Retrieving the OpenShift Installer

Two approaches:

  1. Choose a successfully deployed release that passed CI
  2. Deploy latest

Choosing a OpenShift Installer Release from CI

  1. Go to https://openshift-release.svc.ci.openshift.org/ and choose a release which has passed the tests for metal.
  2. Save the release name. e.g: 4.3.0-0.nightly-2019-12-09-035405
  3. Configure VARS
    export VERSION="4.3.0-0.nightly-2019-12-09-035405"
    export RELEASE_IMAGE=$(curl -s https://mirror.openshift.com/pub/openshift-v4/clients/ocp-dev-preview/$VERSION/release.txt | grep 'Pull From: quay.io' | awk -F ' ' '{print $3}' | xargs)
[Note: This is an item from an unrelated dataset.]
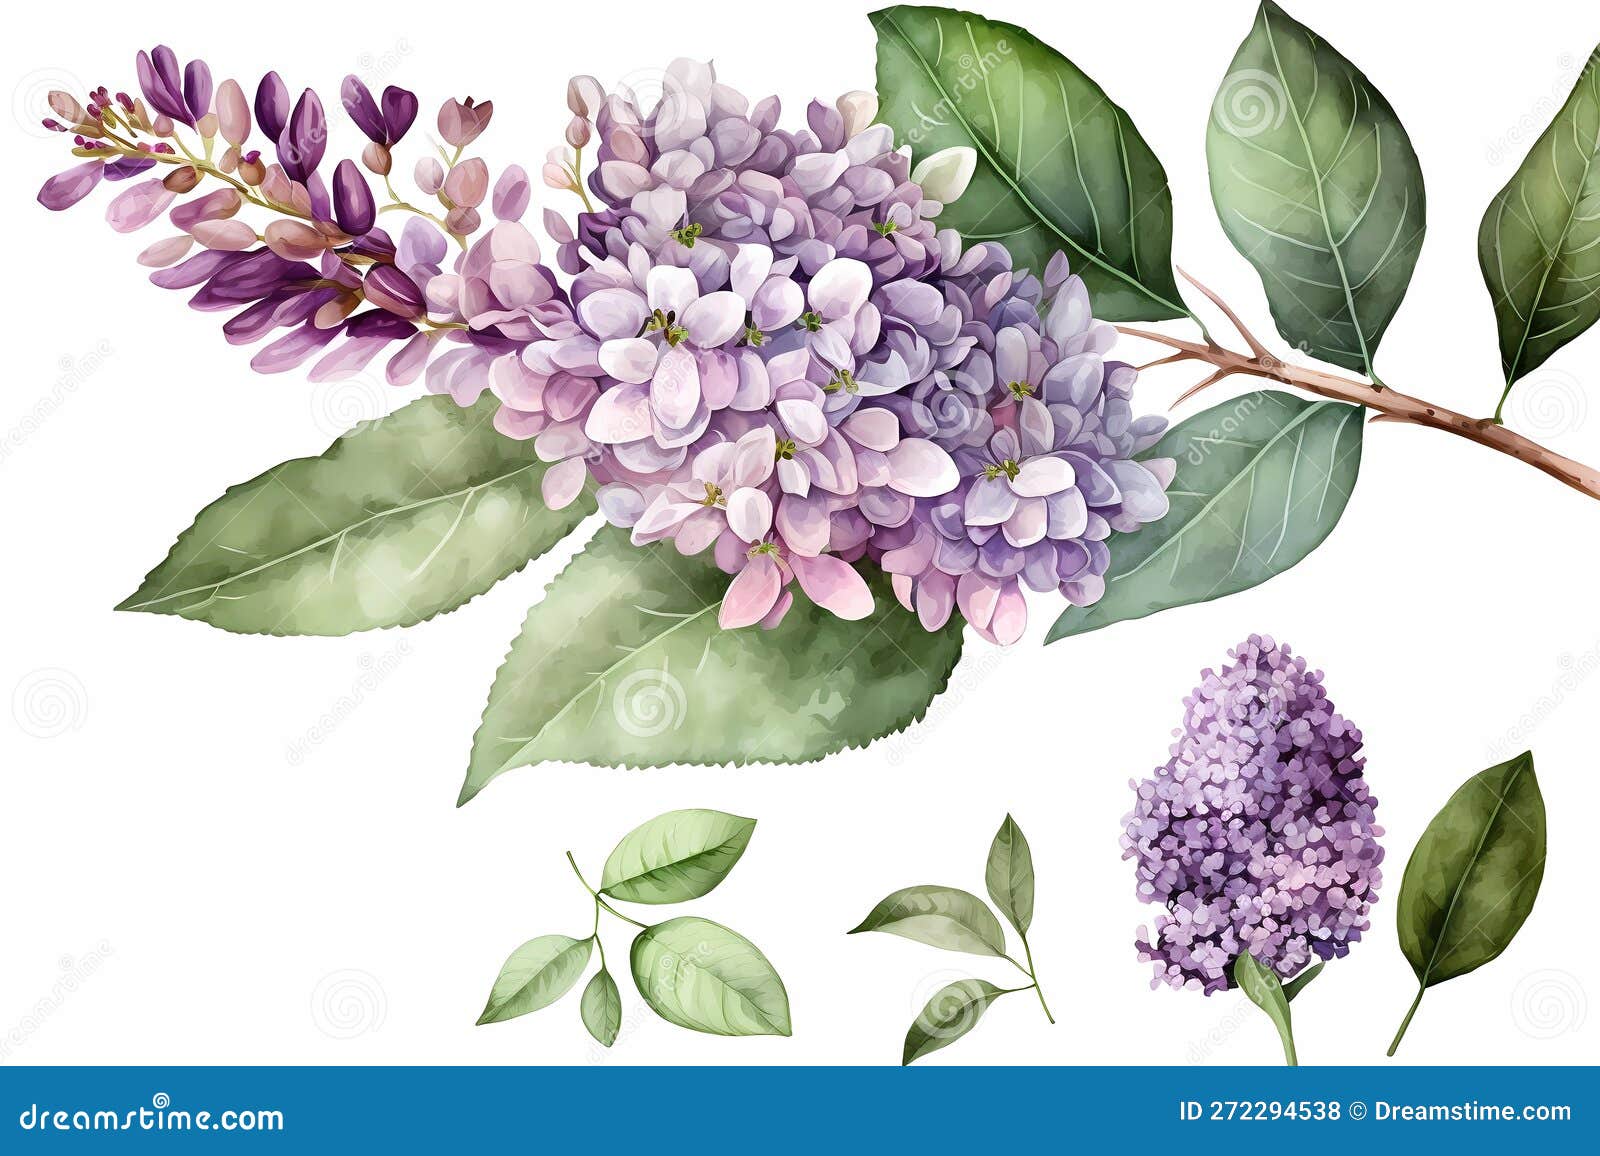 Lavender Spiroglyphics Coloring Book: Beautiful Purple Flower

Choosing the latest OpenShift Installer

  1. Configure VARS
    export VERSION=$(curl -s https://mirror.openshift.com/pub/openshift-v4/clients/ocp-dev-preview/latest/release.txt | grep 'Name:' | awk -F: '{print $2}' | xargs)
    export RELEASE_IMAGE=$(curl -s https://mirror.openshift.com/pub/openshift-v4/clients/ocp-dev-preview/latest/release.txt | grep 'Pull From: quay.io' | awk -F ' ' '{print $3}' | xargs)

Extract the Installer

Once the installer has been chosen, the next step is to extract it.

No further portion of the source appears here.